Express Terms Flashcards
What are express terms?
- Specific terms that have been explicitly agreed upon by the parties to a contract and are clearly stated within the contractual document
- Can be in written, oral or electronic form and sets out the primary obligations, rights and expectations of each party.
Strengths of Express terms
- Clarity and Certainty
- Reducing misunderstandings e.g. disputes arising
- Enforceability- legally binding offering protection in case of a breach
2 types of Express terms
- Orally agreed and are not just representations
- Written into the contract
What is a Representation?
Statement/words of fact that are used before the contract is entered and is not part of a contract. If false, therw could be an action in misrepresentation.
What is a Term?
Obligations of the parties that are part of the contract. They are often seen as an expression of willingness by both parties to be bound by the obligation in it. If term is breached, the claimant can claim for breach of contract.
How to decide whether an oral statement is a representation or a term?
- To be a term of a contract, it must be incorporated into the contract.
- The courts have developed some guidelines:
1. Importance of the statement
2. Knowledge and Skill
3. Timing of the statement
4. Reduction of terms in writing
5. Incorporation by signature
6. The ‘parol evidence’ rule
Importance of the statement
- If individual relying on the statement makes it clear that the statement was of such importance that they wouldn’t have contracted without that guarantee then the presumption is that the statement is a term
- Also if one party asks for specific details about the agreement, this can also be taken to indicate the importance to be attcahed to the answer.

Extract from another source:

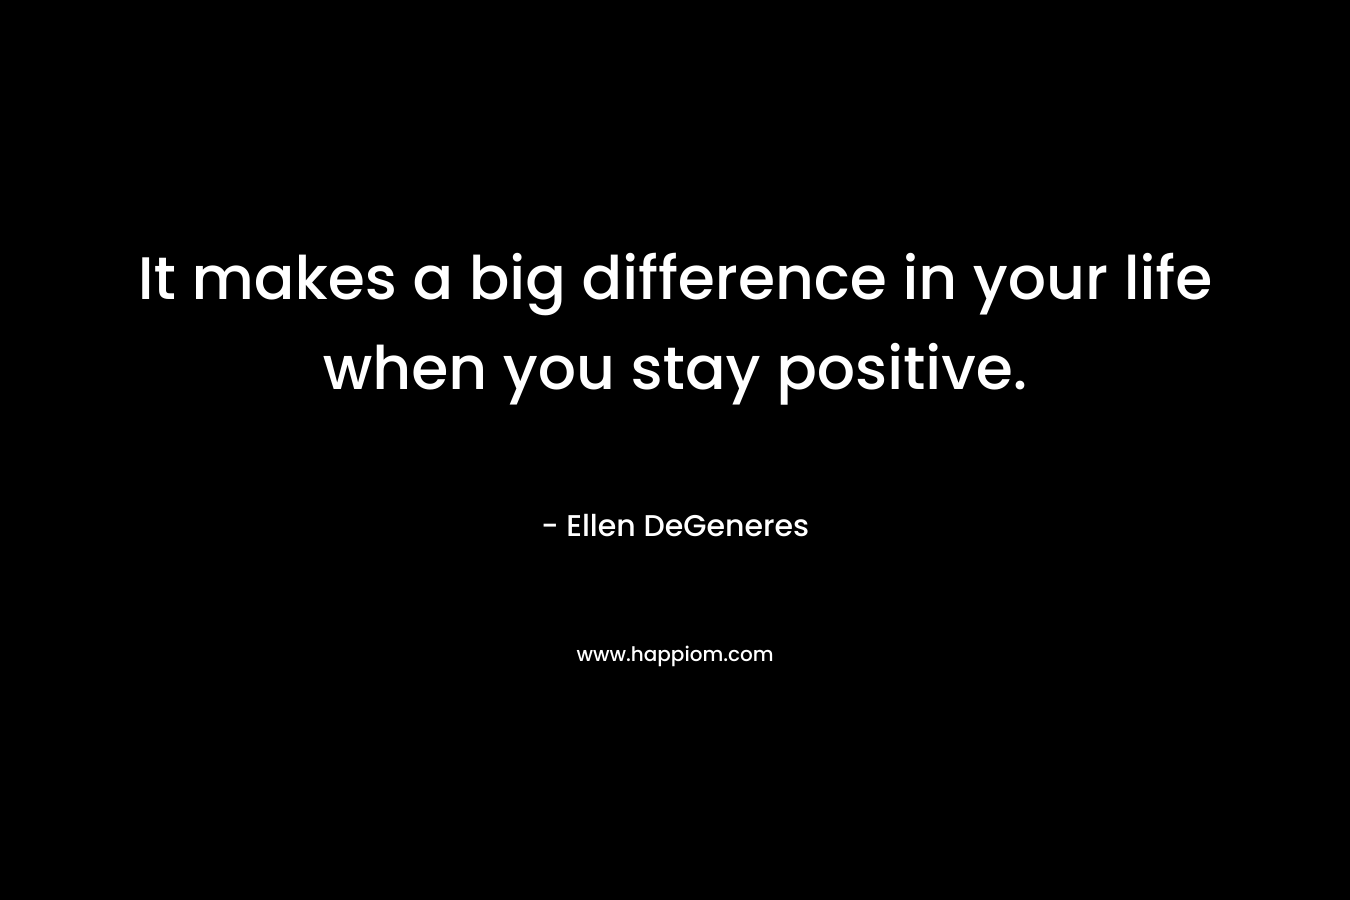 It makes a big difference in your life when you stay positive. – Ellen DeGeneres

- CL: Bannerman v White- Buyer didn’t want hops that had been treated with sulphur. The seller mistakenly thought that his hops hadn’t been treated with sulphur and made a false statement. Court held the flase statemnt regarding sulphur amounted to a term as buyer wouldn’t have entered the contract had it not been for the statement. Contract had therefore been breached.
Knowledge and Skill
- If the individual making the statement has a specialist skill or knowledge of the contractual subject matteror claims to have such knowledge, the presumption is that the statement is more likely to be a term.
- CL: Dick Bentley Productions Ltd v Harold Smith (Motors) Ltd-*A car dealer gave a false statement as to the mileage of a Bentley. *(Where the representor possesses superior knowledge and skill, it’s more likely that the statement is a term)

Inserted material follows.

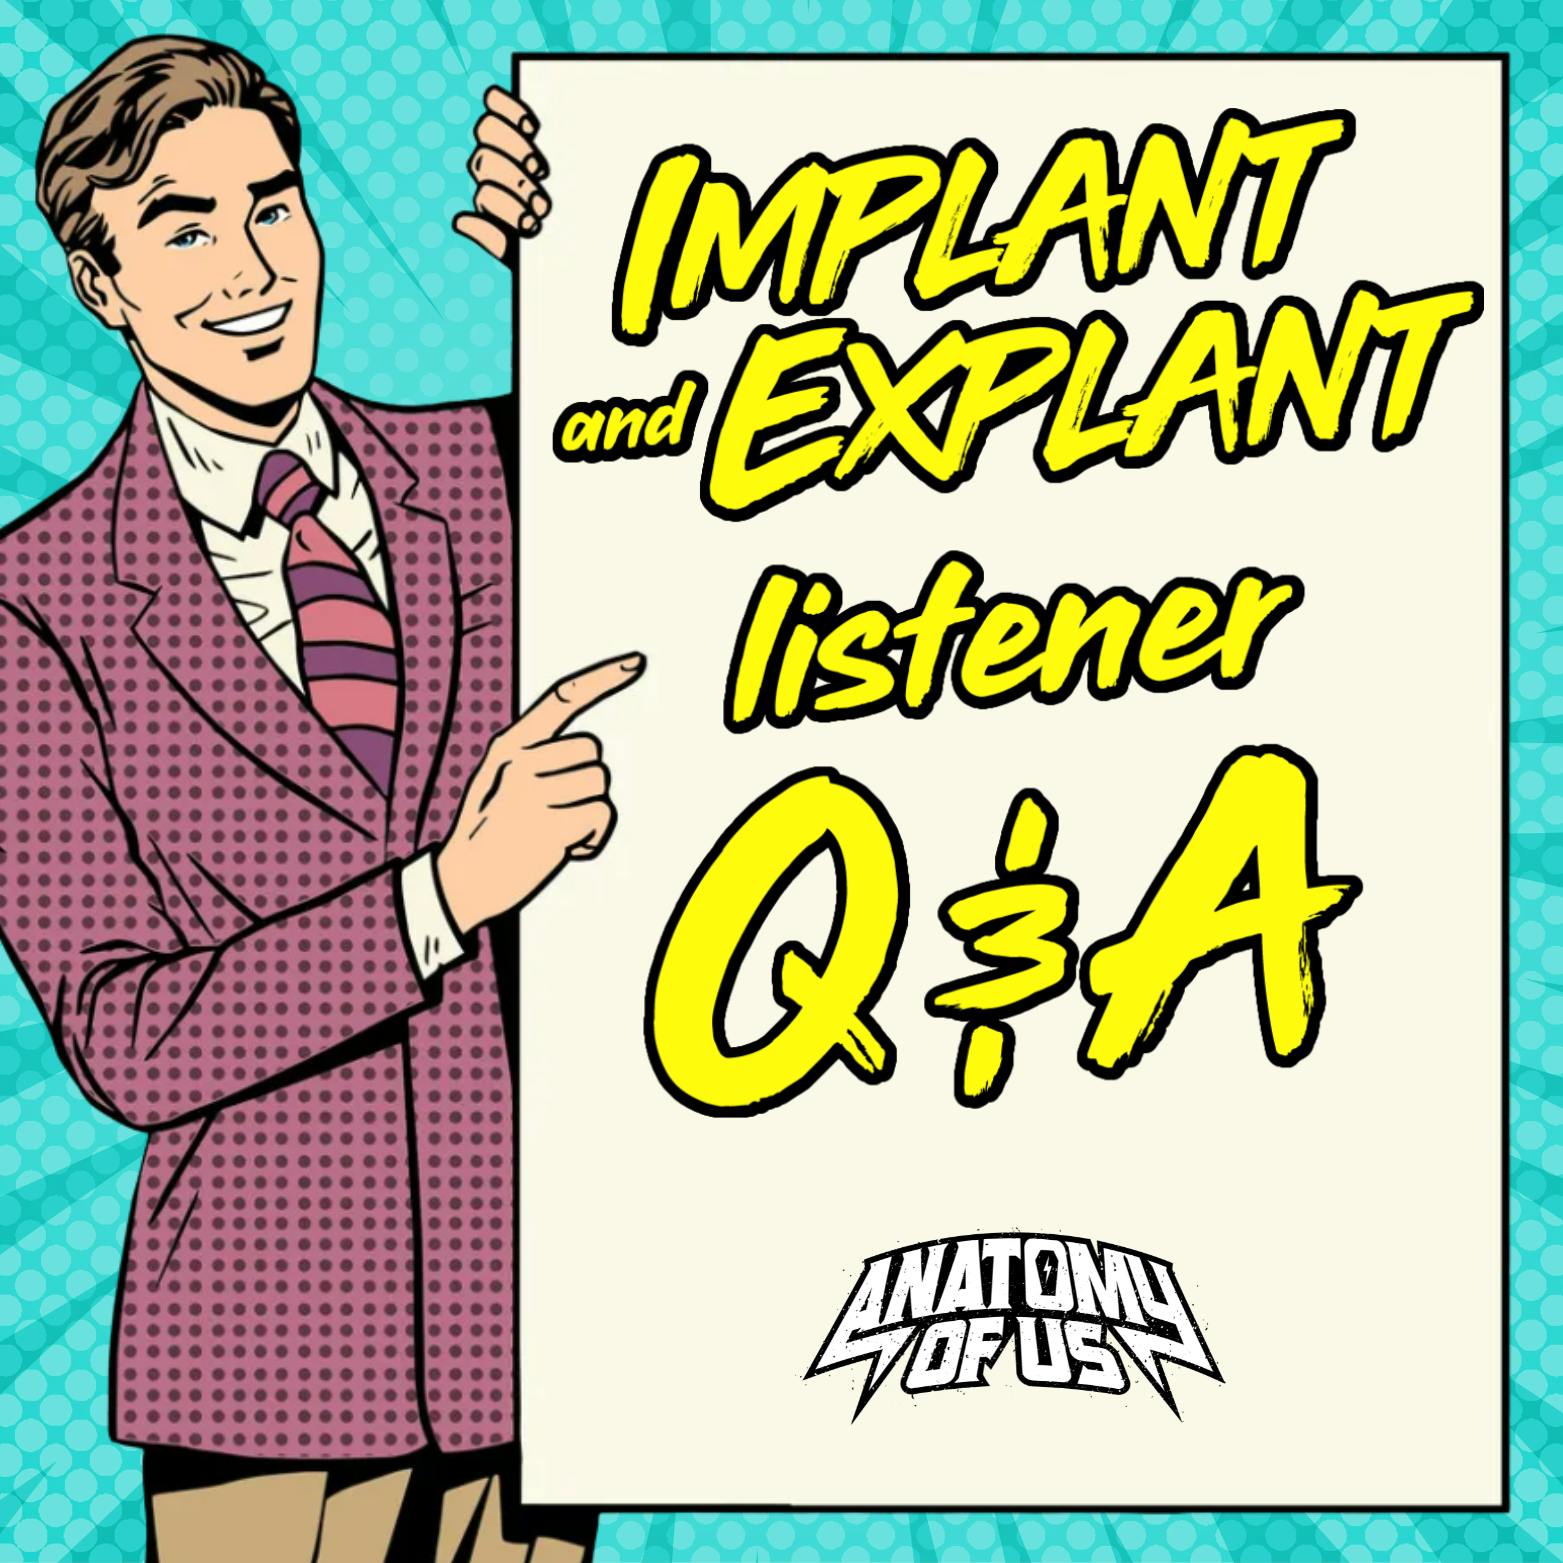 Implant and Explant Listener Q&A

- CL: Oscar Chess Ltd v Williams- During a port exchange, a private car owner falsely but honestly stated the age of the car to the dealer. (Where the claimant[dealer] is in a position to verify the truth of a statement, it’s more likely to be a representation)
- (If representor has less knowledge, it’s more likely to be a representation)
Timing of the statement
- the longer the time lapse between the making of the statement and the entering of the contract, the more likely it’ll just be a representation.
- CL: Routledge v Mckay-Concerned the private sale of a motorbike. Both parties were private sellers with no expert knowledge. Sellers believed the motorbike had been manufactured in 1942 but it was actually in 1930. The statement about the date wasn’t a term because there was a long timelapse between the making of this statement, and the conclusion of the contract.
Reduction of terms in writing
- If an oral agreement is partly reduced into a written agreement, the courts have to decide whether the written agreement alone should represent the contract or whether the contract should be regarded as partly written/partly oral.
- the exclusion of an oral statement from the document tends to suggest that it was not intended to form a contractual term
- CL: Birch v Paramount Estates(Liverpool) Ltd- The C.O.A held that an assurance “as good as the show house” to be so central to the agreement that it had been incorporated in the contract.
Guidelines for Written Terms
- Incorporation by signature
- The ‘parol evidence’ rule
Incorporation by Signature
- If a person signs a document, they will be bound by the terms of that contract whether or not they’ve read it.
- Only the person whom is sought liable under the terms of the contract, or their agent, need sign the document.
The ‘parol evidence’ rule
- Any oral or other evidence that the party introduces to show that the actual agreement should not be accepted is inadmissible if it’s used to add to the contract, to vary it or to contradict the terms contained in it.
The rule is justified on two bases:
1. If the contract is in written form, then it is logical for it to contain all the terms. Anything omitted was not intended to be included.
2. To do otherwise would create uncertainty. - The problem with the rule is that there are inevitably many contracts that are poorly written and partly oral. In such cases, both elements of the agreement need considering to give an accurate and true picture of the position. As a result, the rule has exceptions:
- There is evidence of custom or trade usage(Smith v Wilson)
- Oral evidence can be adduced to show that the contract would not be operative until some specified event (Pym v Campbell)
- A party can quote evidence to show that the contract was not binding e.g. incapacity, lack of consideration or mistake.
- The written document is being used to show that there was a prior oral agreement but does so inaccurately.
- There is a collateral agreement, which is a contract where consideration is provided by making another contract.